Supreme Court of Nevada.
Jul 14, 2011
373 P.3d 923 (Nev. 2011)

Opinion

No. 57361.

07-14-2011

John Randall HUENE, Appellant, v. The STATE of Nevada, Respondent.

Clark County Public Defender Attorney General/Carson City Clark County District Attorney


Clark County Public Defender

Attorney General/Carson City

Clark County District Attorney

ORDER OF AFFIRMANCE

This is an appeal from a judgment of conviction, pursuant to a jury verdict, of one count of stop required on signal of a police officer (felony). Eighth Judicial District Court, Clark County; Doug Smith, Judge. Appellant John Randall Huene raises five contentions on appeal.

First, Huene argues that the district court erred in admitting testimony that suggested Huene was fleeing a crime and later preventing Huene from eliciting testimony from the same witness to show that Huene had not been implicated in any other crime. We conclude that these contentions lack merit. The challenged testimony, which indicated that the officers initiated a high risk stop because they were not aware why Huene attempted to elude them, did not allude to any prior crimes of Huene. See Collman v. State, 116 Nev. 687, 705, 7 P.3d 426, 437 (2000) (“Reference to a defendant's prior criminal history may be reversible error.”); see also NRS 48.045(2). While Nevada Highway Patrol Sergeant Sines testified about the possible reasons a driver might elude the police, he specifically testified that he was not aware of any prior conduct in which Huene had engaged. See Collman, 116 Nev. at 705, 7 P.3d at 437 (providing that reference to defendant's prior criminal activity occurs where jury can reasonably infer from evidence presented that defendant engaged in prior criminal activity). As the State did not elicit character evidence, Huene was not entitled to cross-examine the witness about Huene's specific instances of conduct, or lack thereof. See NRS 48.055(1).

Second, Huene argues that the district court erred in instructing the jury. He specifically contends that the jury should have been instructed that it was to decide whether the State had proven its case beyond a reasonable doubt instead of whether Huene was guilty or innocent beyond a reasonable doubt. We discern no abuse of discretion. See Crawford v. State, 121 Nev. 744, 748, 121 P.3d 582, 585 (2005) (reviewing district court's decision regarding jury instructions for abuse of discretion).
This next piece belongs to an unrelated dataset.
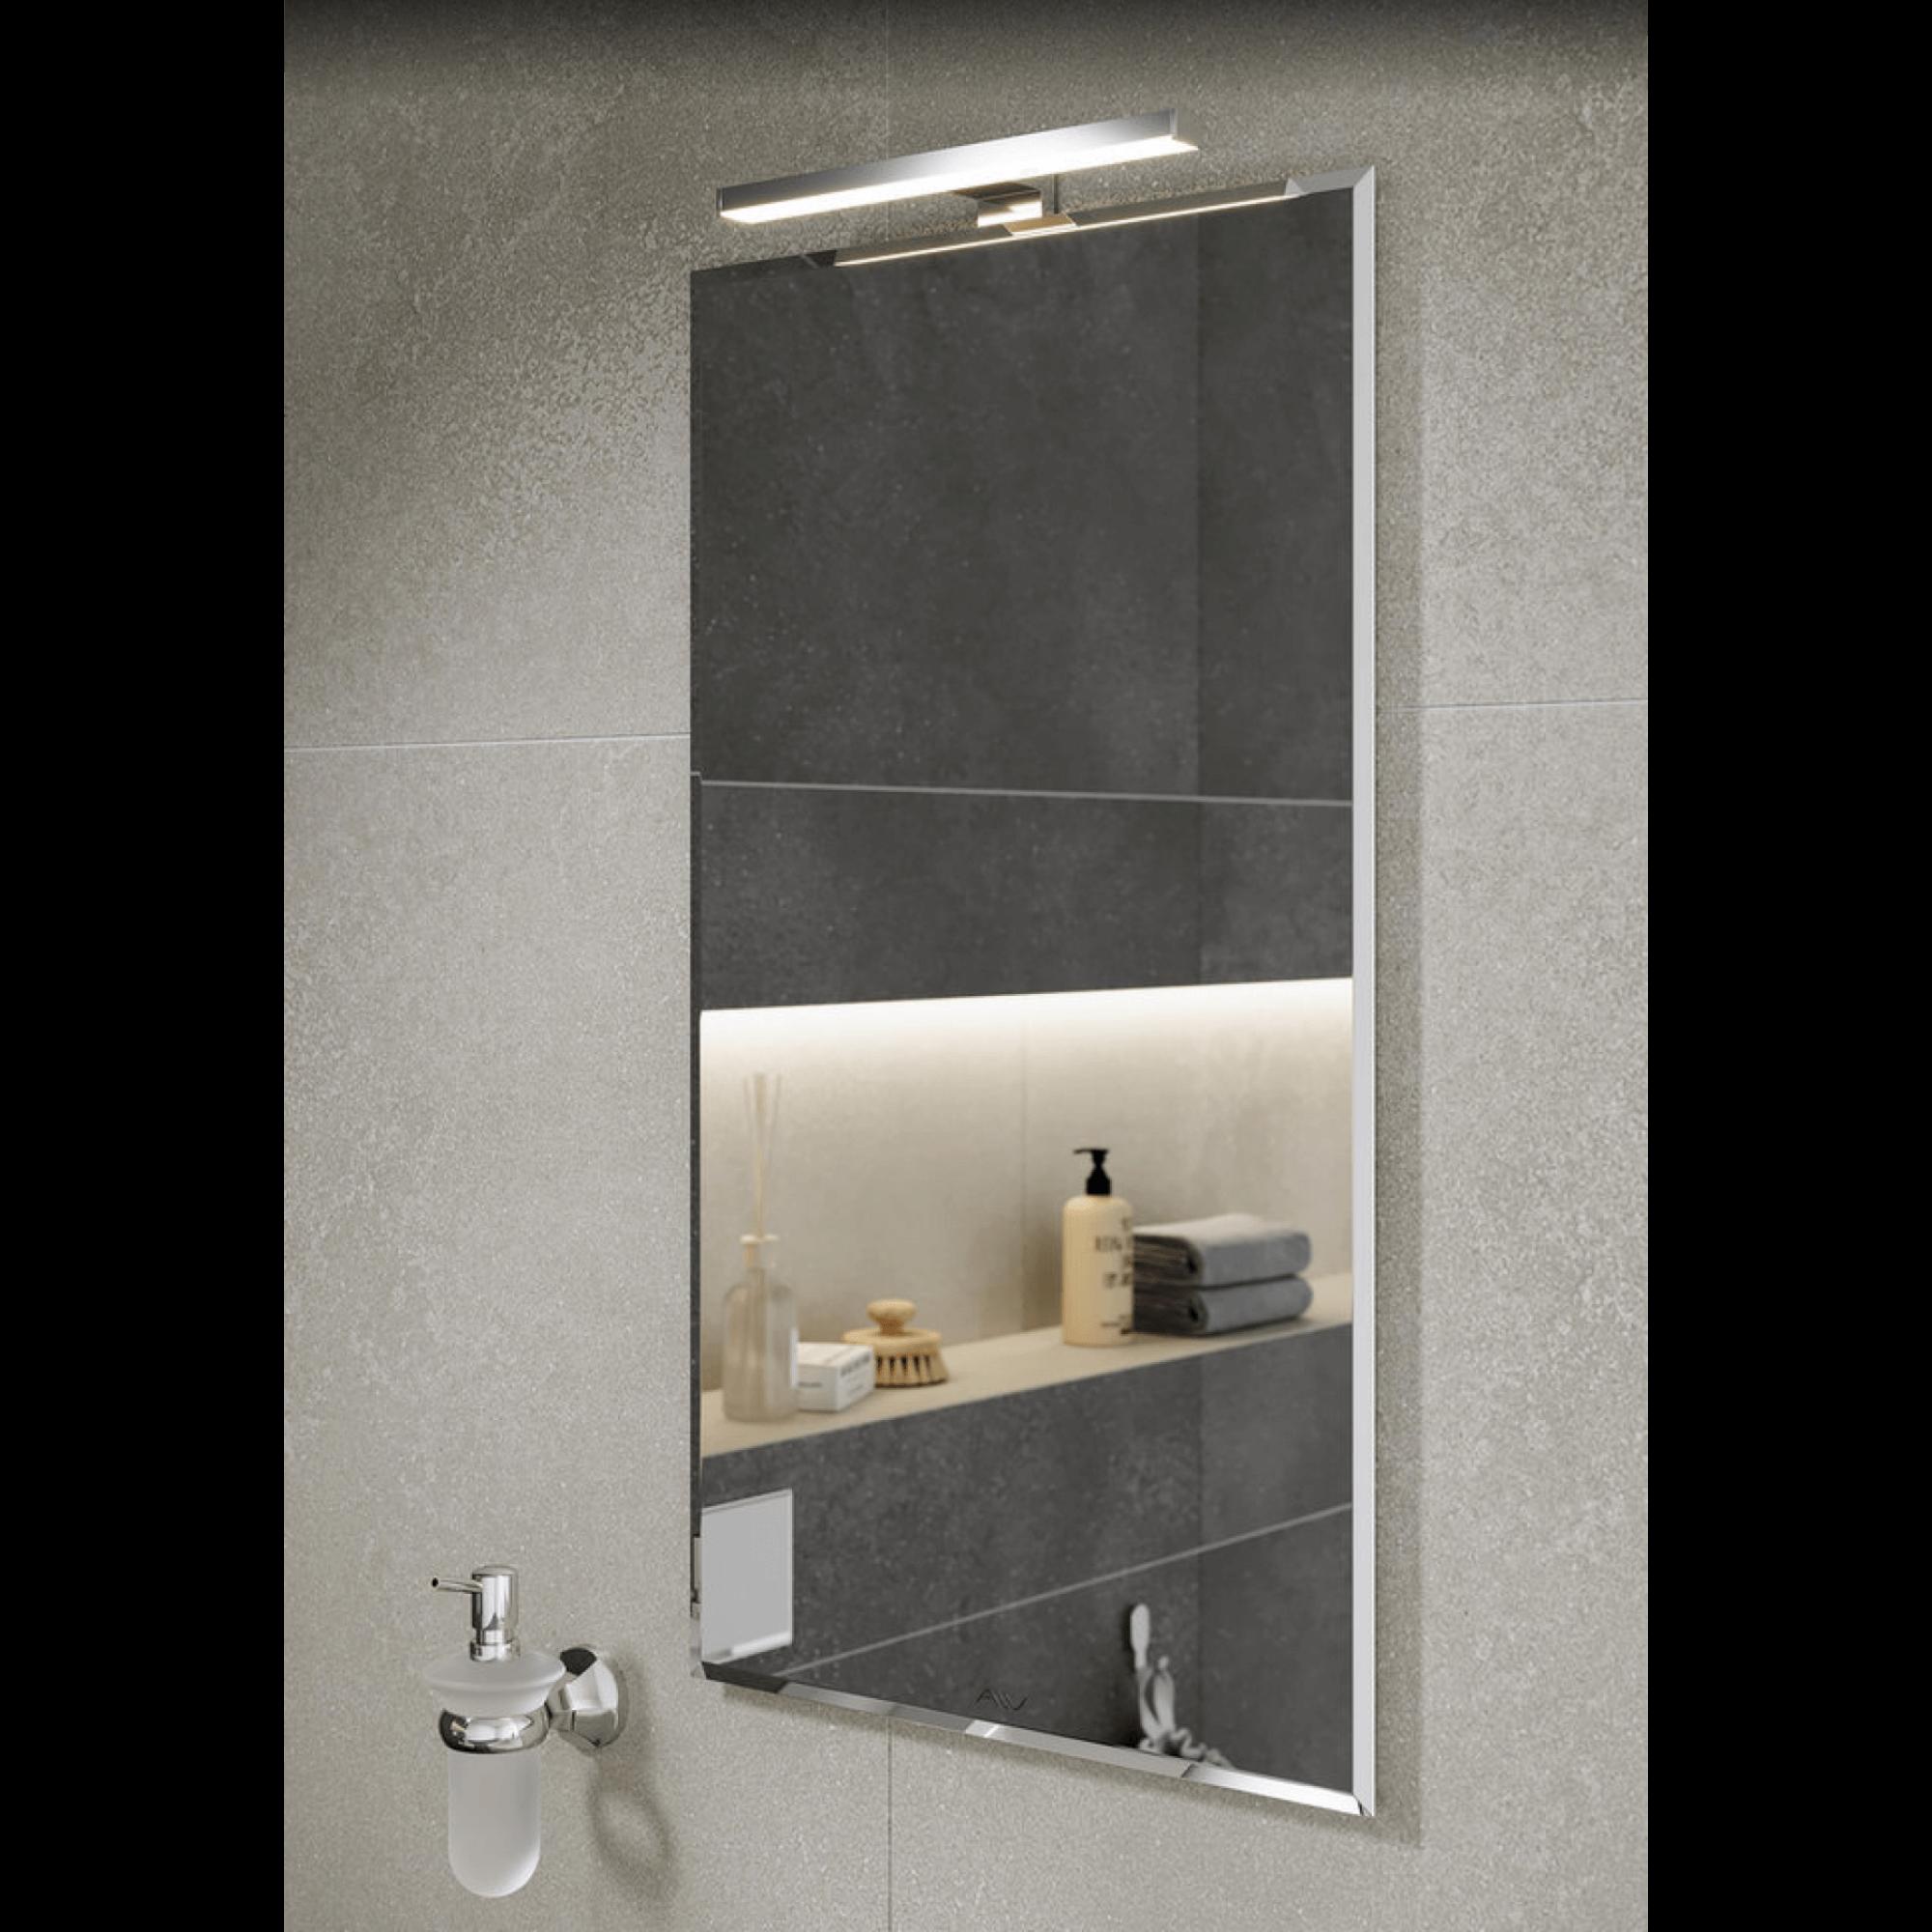 Зеркало Azzoro 60 +3 600 руб.

The subject matter of the proffered instructions was substantially covered by the given instructions, see Earl v. State, 111 Nev. 1304, 1308, 904 P.2d 1029, 1031 (1995), which did not impermissibly lessen the burden of proof. Moreover, the district court instructed the jury that the State bore the burden of proof and gave the statutory reasonable doubt instruction. See NRS 175.211.
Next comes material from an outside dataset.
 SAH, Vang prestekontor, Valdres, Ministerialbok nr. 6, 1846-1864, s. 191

Third, Huene argues that the district court erred in admitting Sergeant Kemmer's opinion about the speed at which Huene was driving because Kemmer was not properly qualified as an expert, the testimony was outside the scope of NRS 50.265, and the evidence conflicted with testimony about Sergeant Sines' radar reading. We discern no abuse of discretion. See Libby v. State, 115 Nev. 45, 52, 975 P.2d 833, 837 (1999) (reviewing decision to admit or exclude evidence for abuse of discretion). Kemmer had an adequate opportunity to observe Huene's vehicle as it approached and passed him. See Patton v. Henrikson, 79 Nev. 197, 200, 380 P.2d 916, 917 (1963) (“The competency of a nonexpert witness to testify as to the rate of speed of a moving vehicle is shown if such witness is of ordinary intelligence and has had an adequate opportunity to observe the vehicle at the time in question.”). Any difference between Kemmer's estimation of Huene's speed and Sines' testimony about his radar results from earlier in the pursuit affects the weight afforded his testimony and not the admissibility of it.

Fourth, Huene contends that there was insufficient evidence to sustain his conviction. We conclude that this contention lacks merit because the evidence, when viewed in the light most favorable to the State, is sufficient to establish, beyond a reasonable doubt and as determined by a rational trier of fact, that Huene failed to stop at the signal of a police officer and operated his vehicle in a manner likely to endanger the property or person of another. See Jackson v. Virginia, 443 U.S. 307, 319 (1979) ; Origel–Candido v. State, 114 Nev. 378, 381, 956 P.2d 1378, 1380 (1998).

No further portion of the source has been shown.